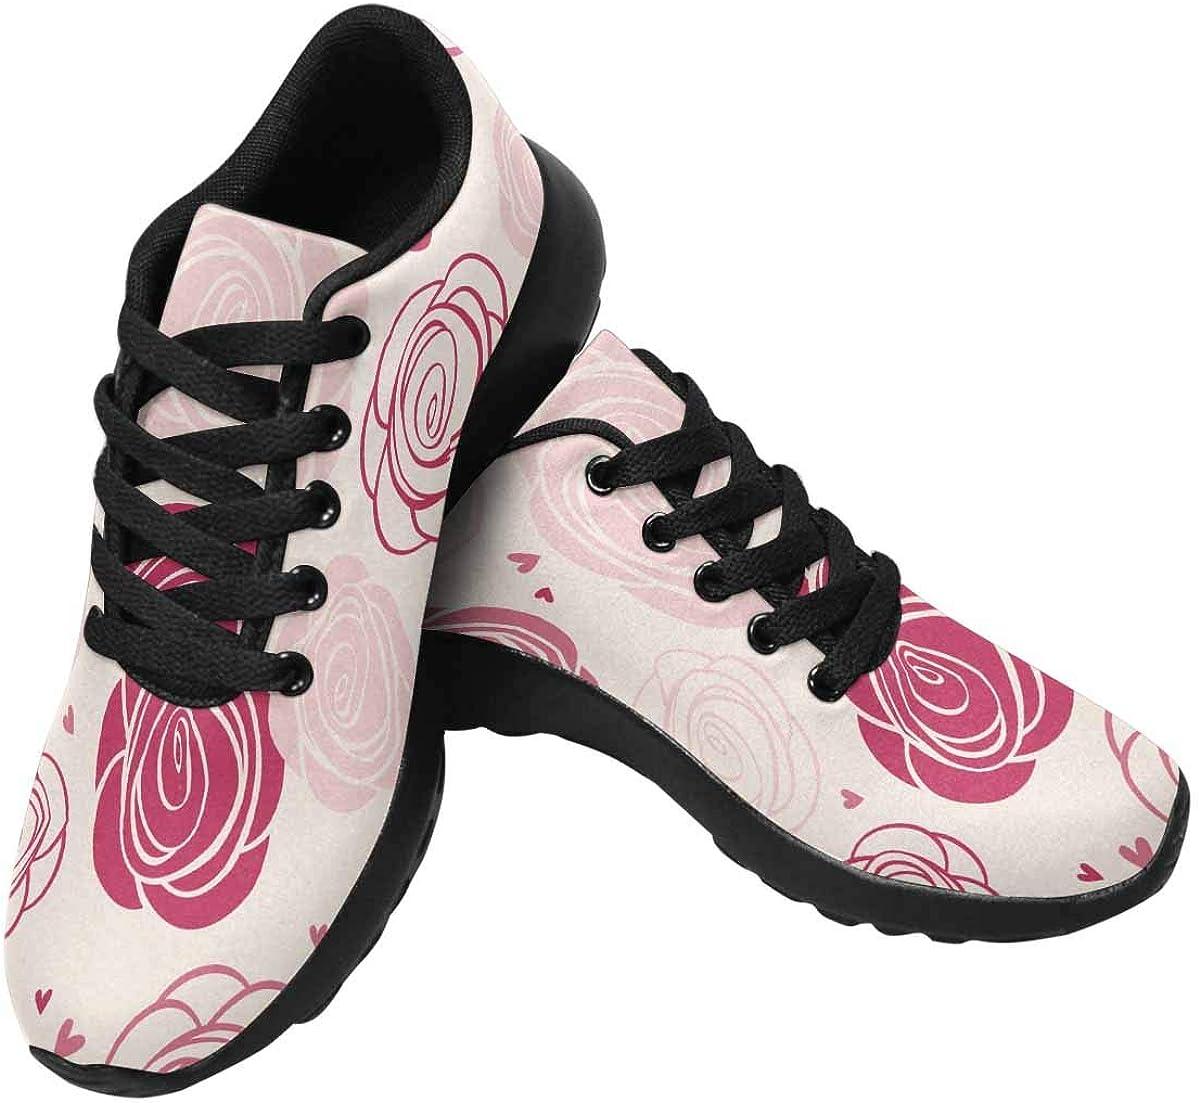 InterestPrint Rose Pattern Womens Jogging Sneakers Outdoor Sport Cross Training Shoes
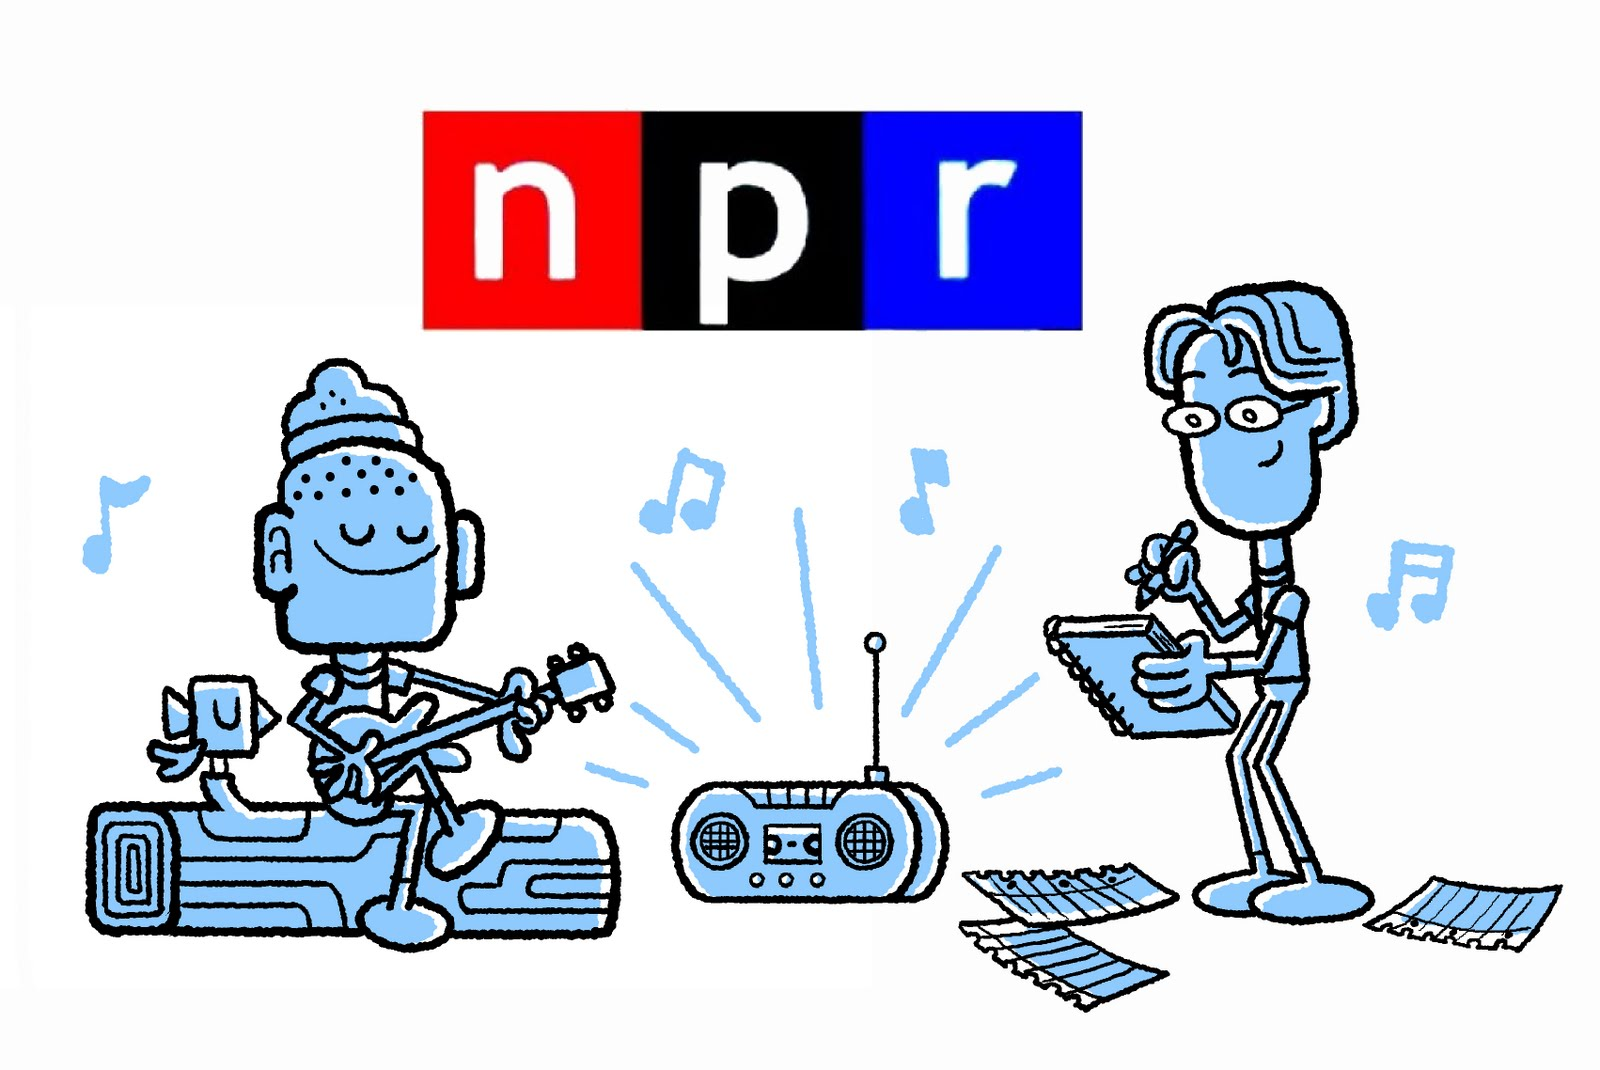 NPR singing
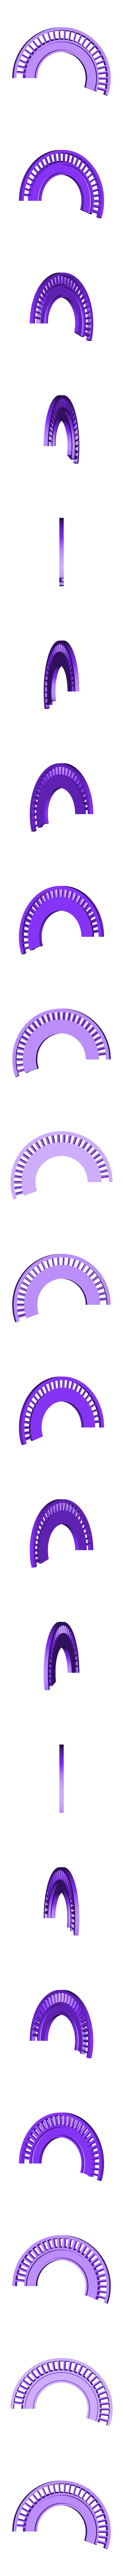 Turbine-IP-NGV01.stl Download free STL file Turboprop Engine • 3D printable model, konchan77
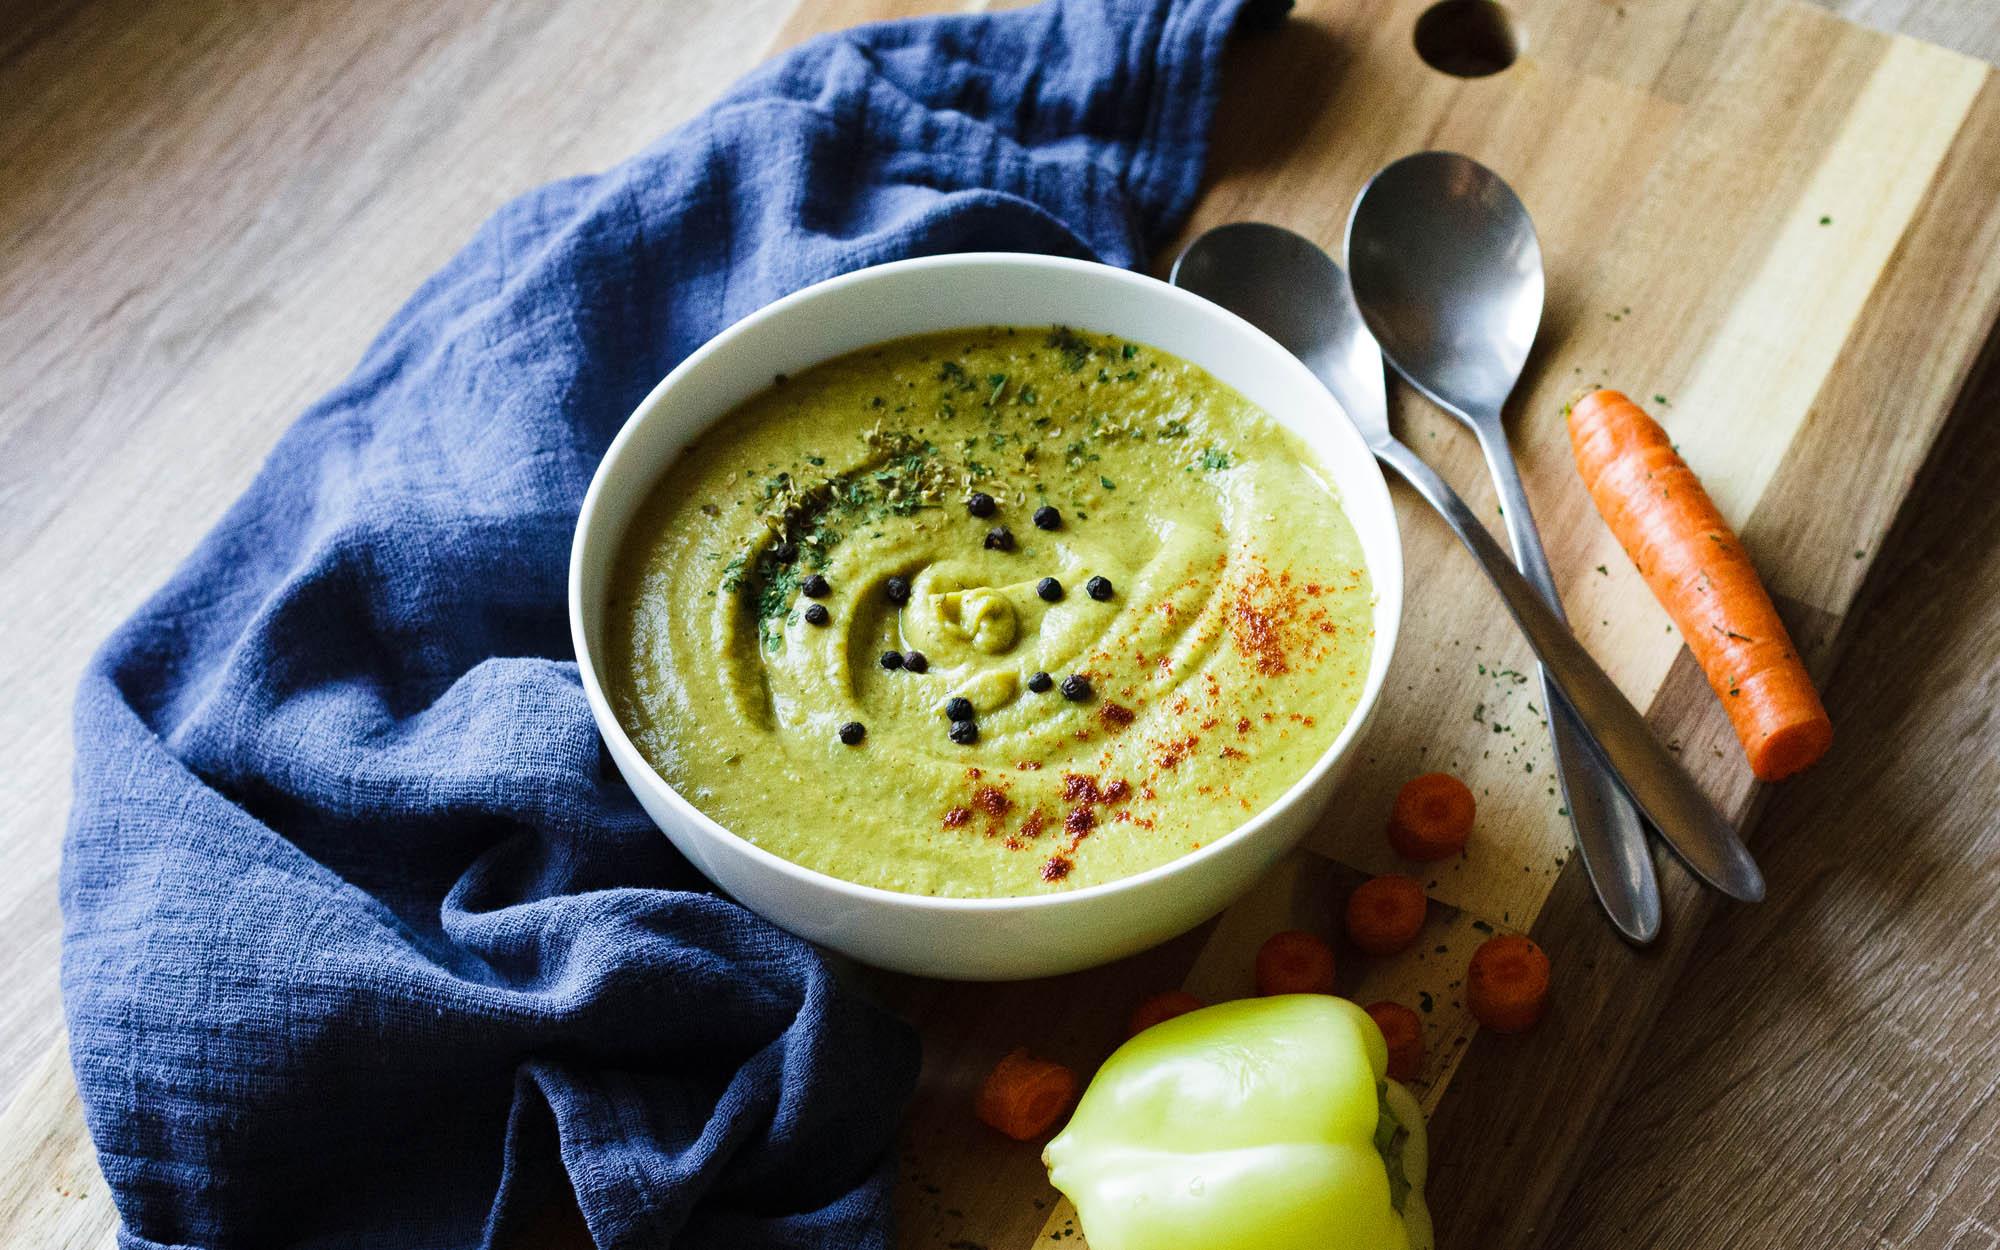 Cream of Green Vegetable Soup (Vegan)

-------

▶ EXERCISE BRIEF:
Please copy out the whole listing exactly as it stands, minus the pictures.

▶ YOUR RESPONSE:
 InterestPrint Rose Pattern Womens Jogging Sneakers Outdoor Sport Cross Training Shoes
 NPR singing
 Turbine-IP-NGV01.stl Download free STL file Turboprop Engine • 3D printable model, konchan77
 Cream of Green Vegetable Soup (Vegan)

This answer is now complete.